* TASK ITEM
Where a picture shows up in the listing below, omit it and output the rest exactly.

* INFORMATION PROVIDED
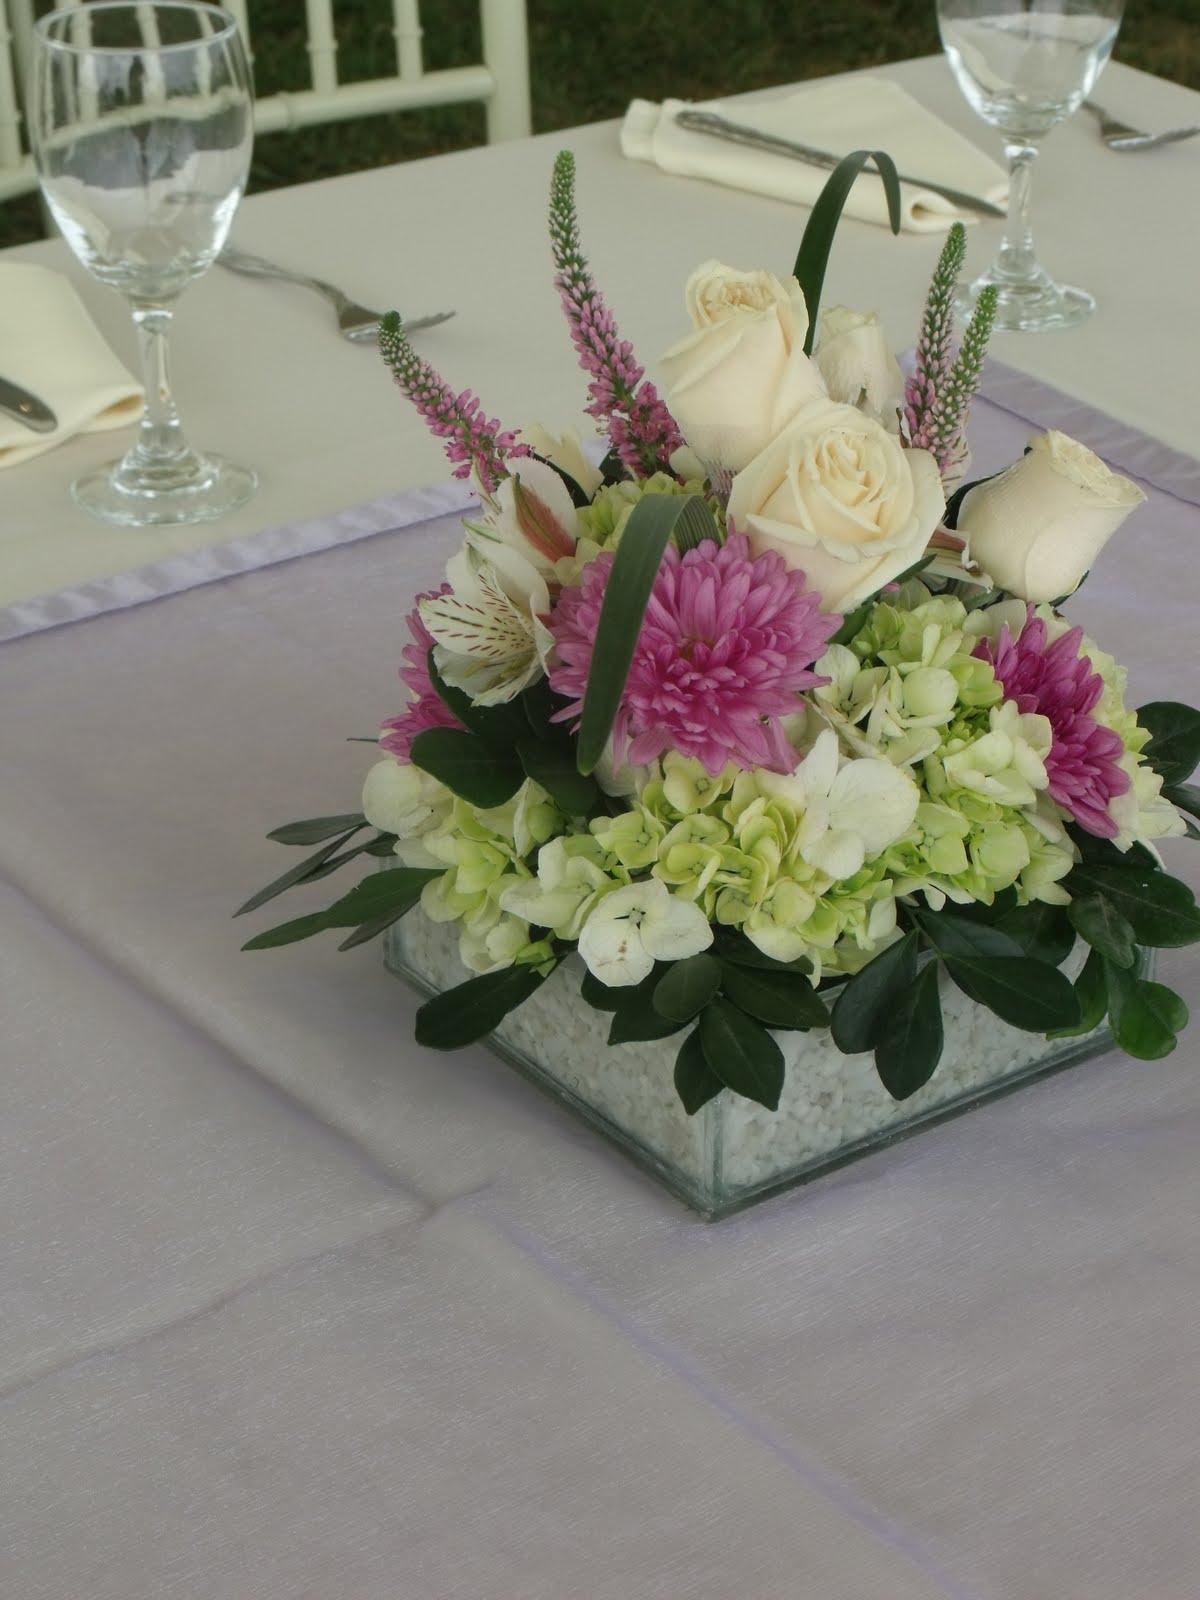 Centros de mesa con flores naturales for Centros de mesa con plantas naturales
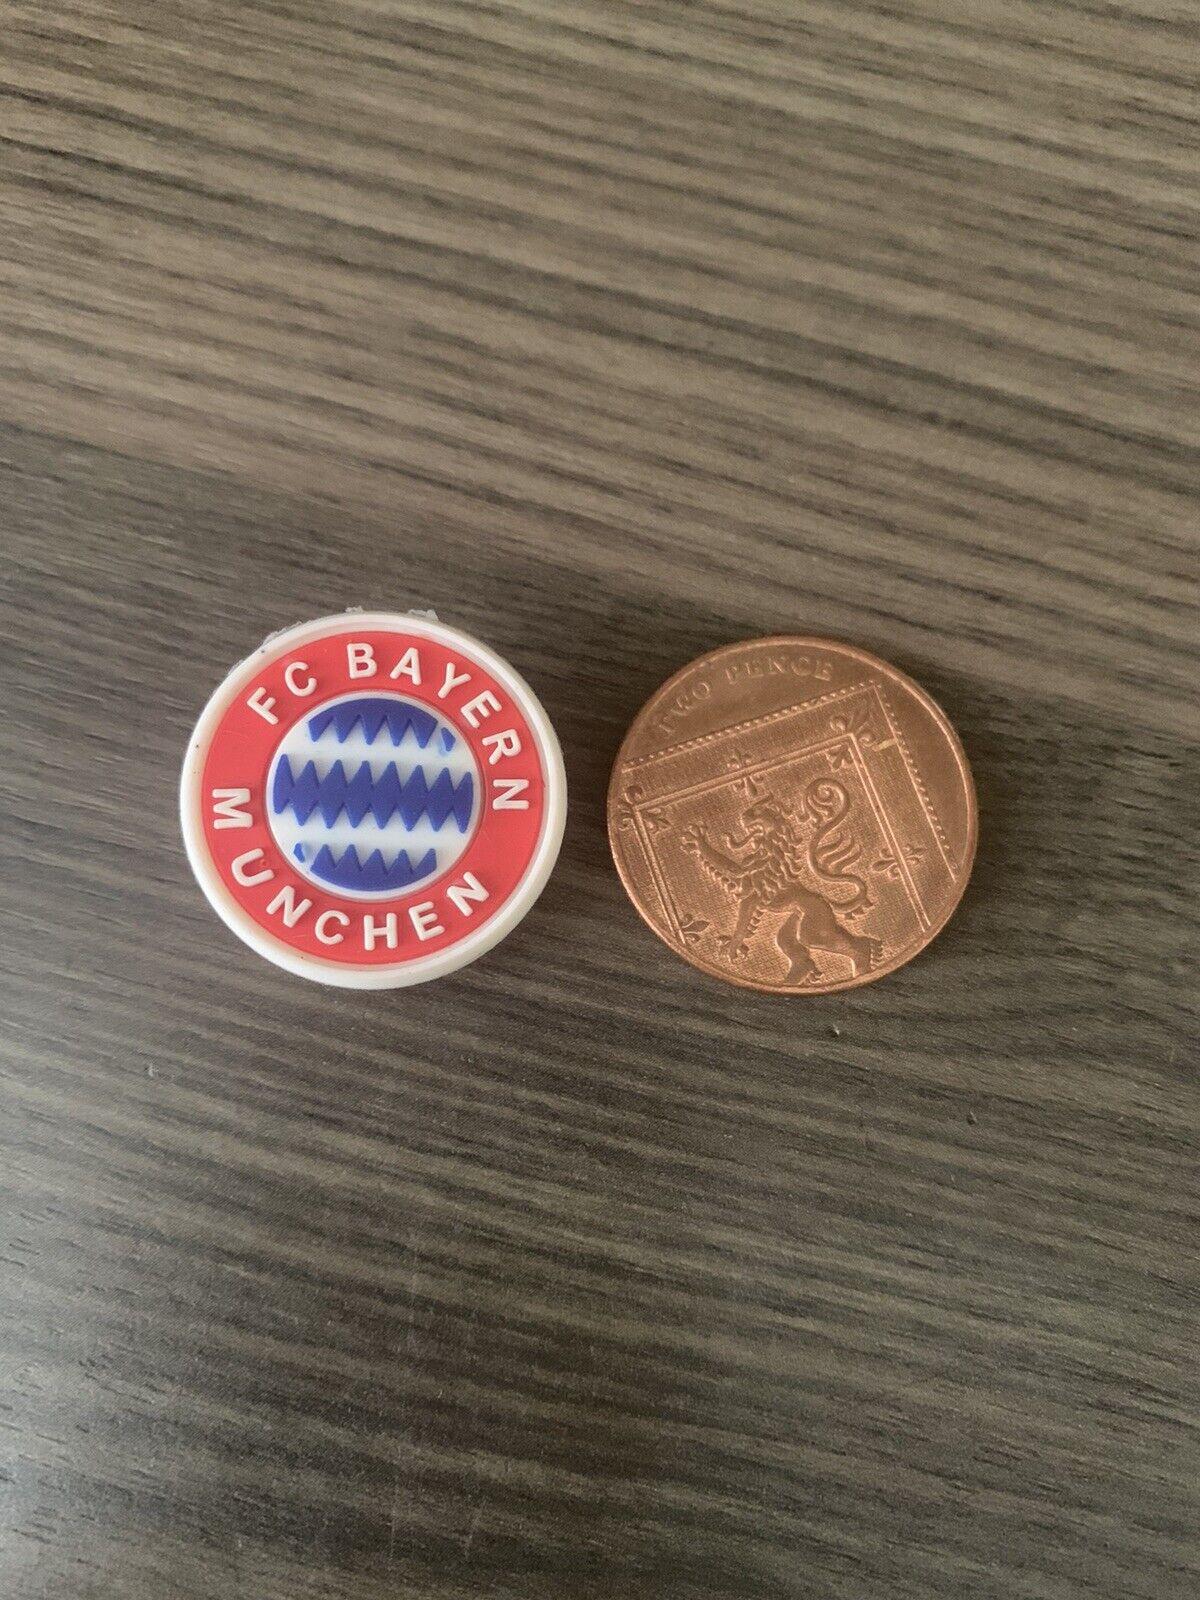 Croc Bayern Munchen Football Shoe Charm
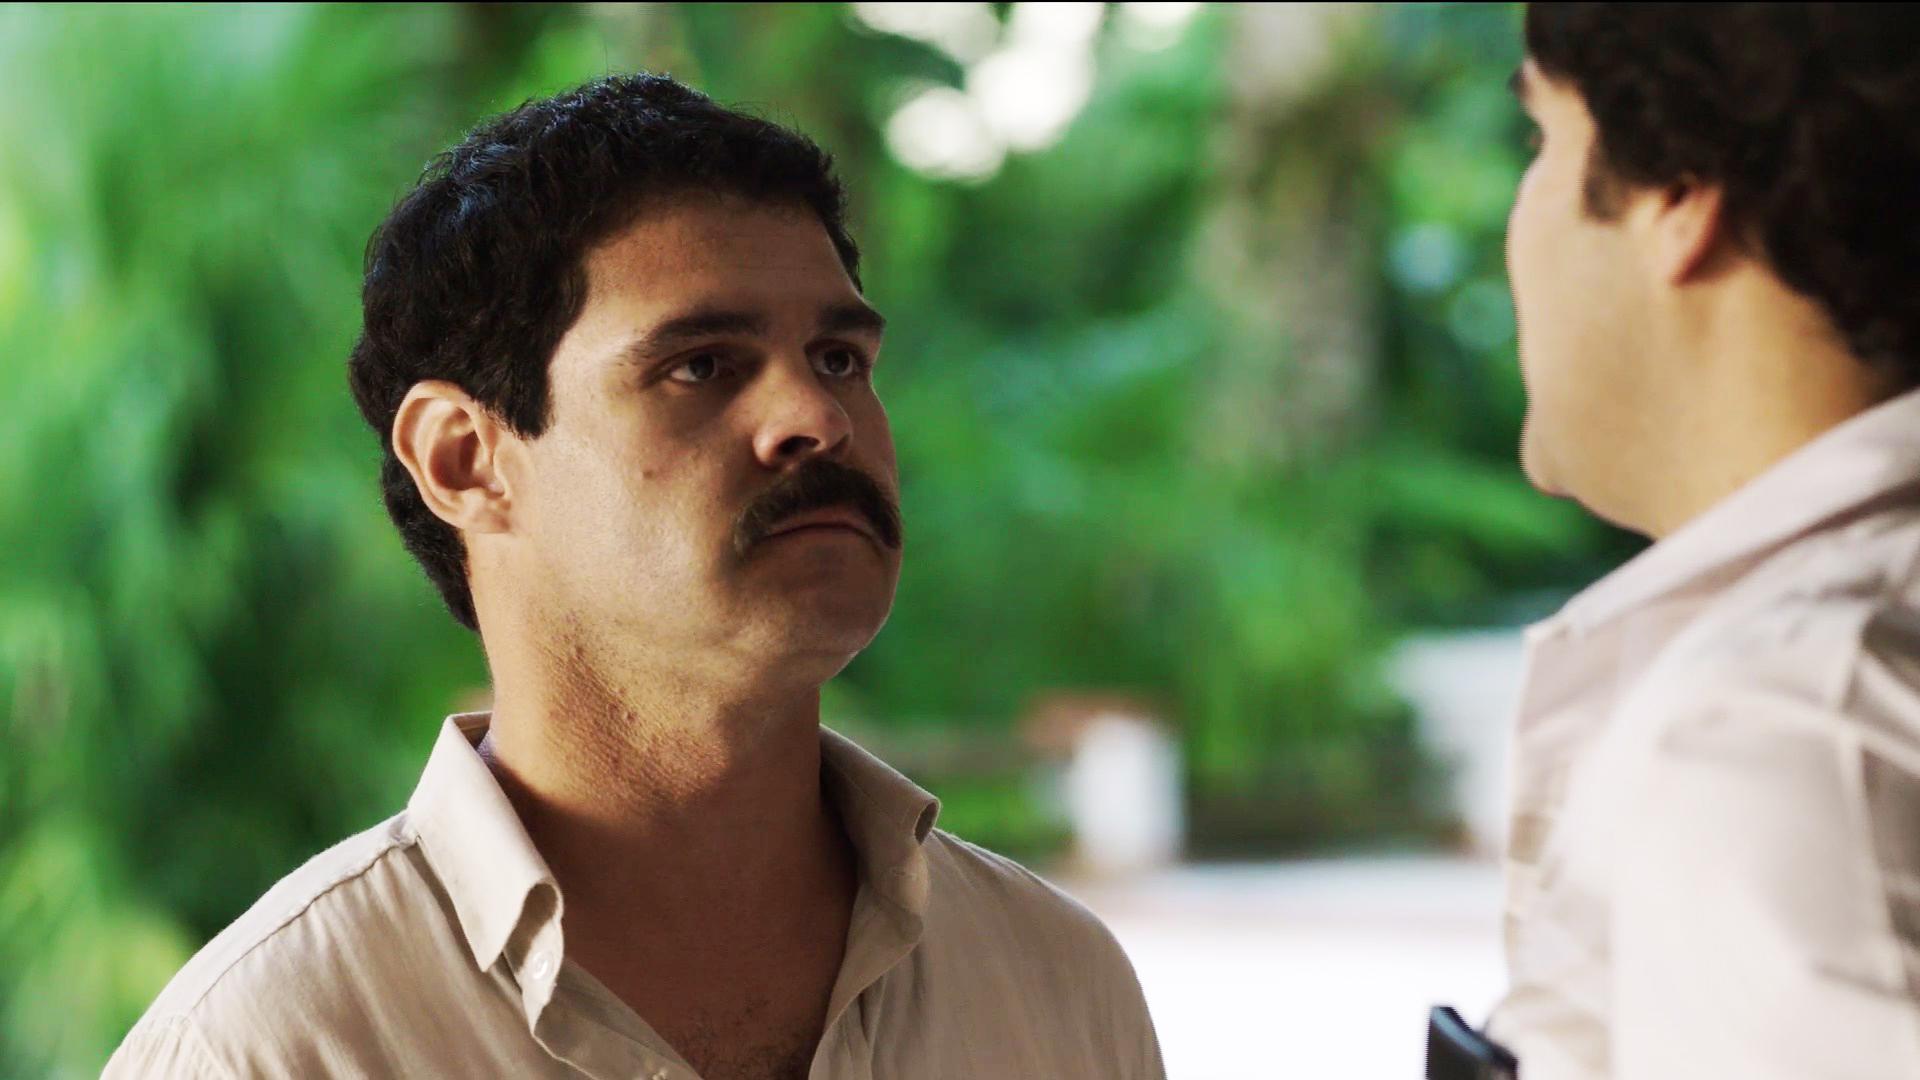 Serie 'El Chapo' capitulo 1 | El Chapo | Series El Chapo
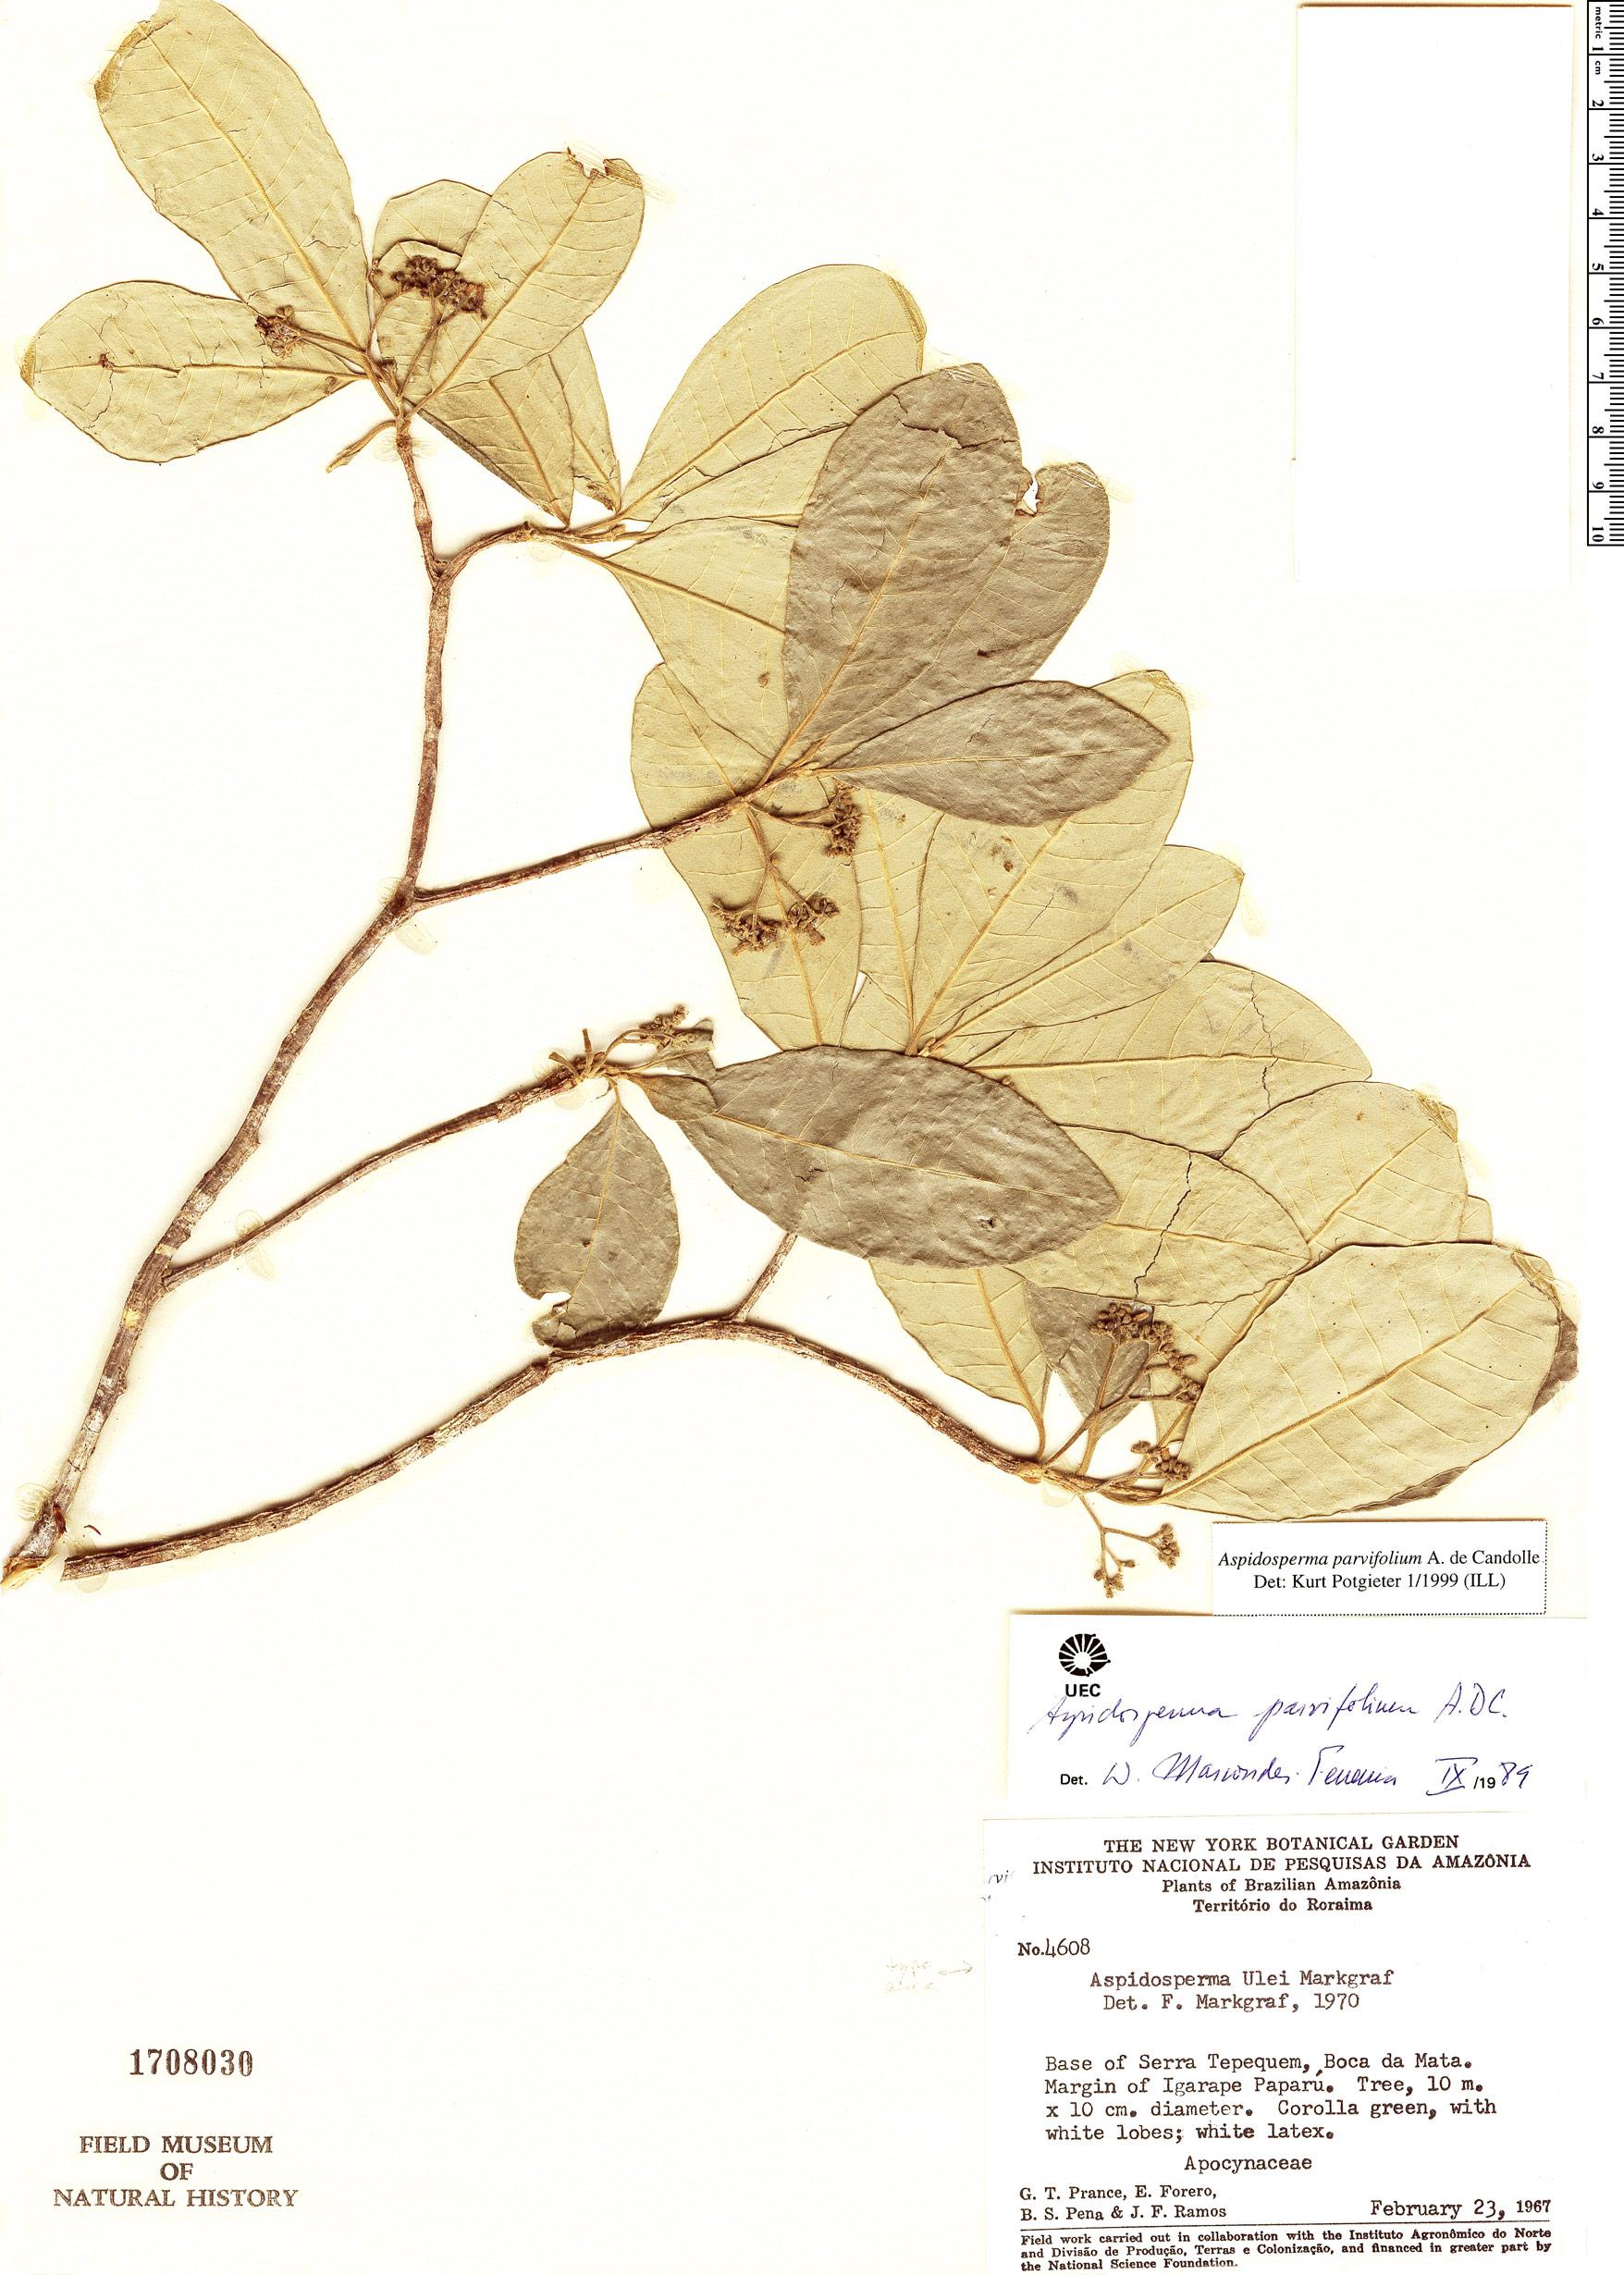 Espécimen: Aspidosperma parvifolium

* PROBLEM SOLUTION
 Centros de mesa con flores naturales for Centros de mesa con plantas naturales
 Croc Bayern Munchen Football Shoe Charm
 Serie 'El Chapo' capitulo 1 | El Chapo | Series El Chapo
 Espécimen: Aspidosperma parvifolium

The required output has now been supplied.